Soya menarik napas dalam-dalam. “Yah ...,” responsnya. “Yang penting, Layar Surya berjalan lagi, apapun rintangannya.”
**
Malam itu, Juni mengirimkan dua rekaman hasil latihan tadi siang. Sastra menerimanya, dan sambil menyesap teh lemon madu di dapur, ia menonton video itu.
Tak pernah sekali pun ia mempercepat lima belas menit rekaman yang ditontonnya. Sastra menghayati seolah-olah ia berada di antara mereka, mengangguk dan menggeleng saat anak-anaknya mengungkapkan pendapat bergantian, dan mencatat di notes jika ada yang perlu ia sampaikan lewat grup percakapan nanti.

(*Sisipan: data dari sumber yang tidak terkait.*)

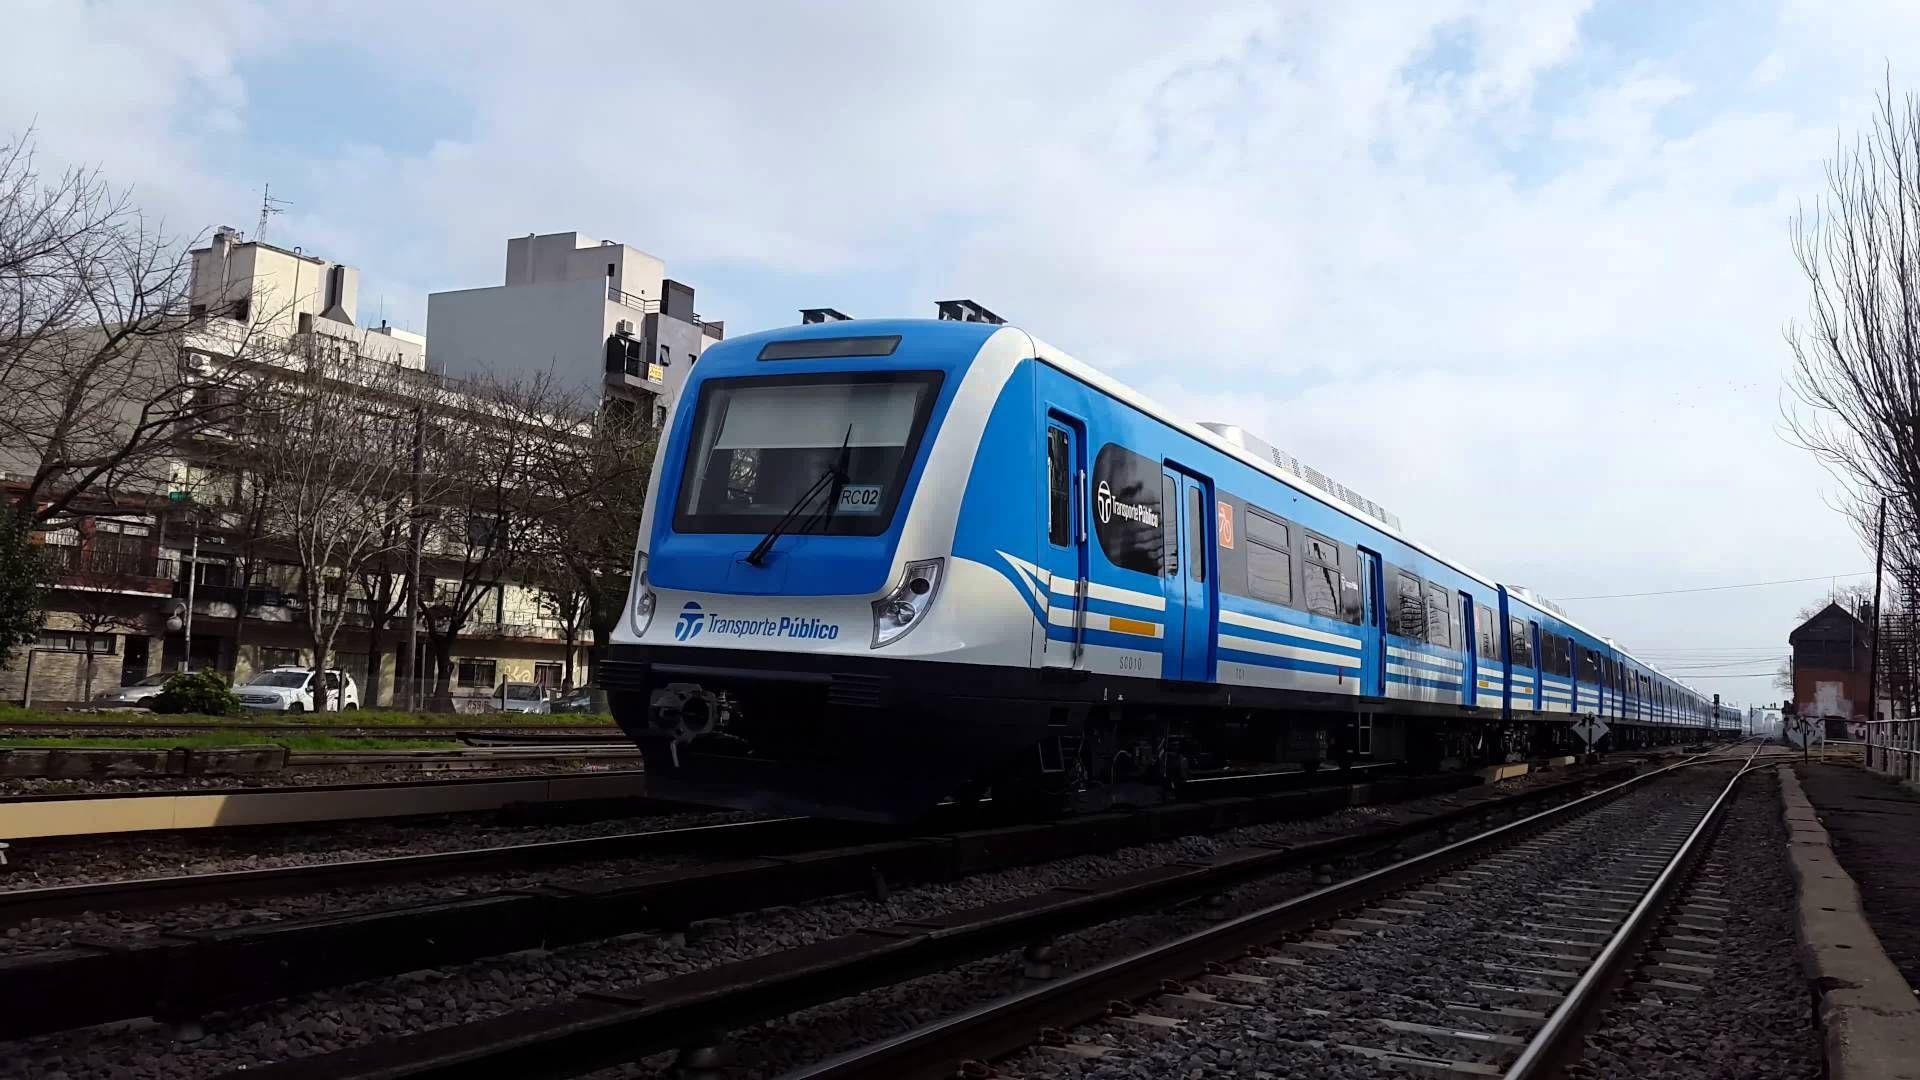 ¿Hacia dónde se va el humo de un tren eléctrico si va de Norte a Sur?

Dan, ketika ia mendengar muridnya yang paling penakut, pendiam, dan tertekan itu berkata, “Yang penting, Layar Surya berjalan lagi apapun rintangannya,” Sastra refleks menghentikan video. Ia terdiam sejenak, bengong memandang potongan lemon yang semburat oranye di permukaan teh.
Ia mengulangnya lagi.
“Yang penting, Layar Surya berjalan lagi ....”
Ia ulang, untuk kedua kali.
“Layar Surya berjalan lagi apapun rintangannya ....”
Saat Sastra mengulangnya untuk ketiga kali, pelupuknya penuh oleh air mata.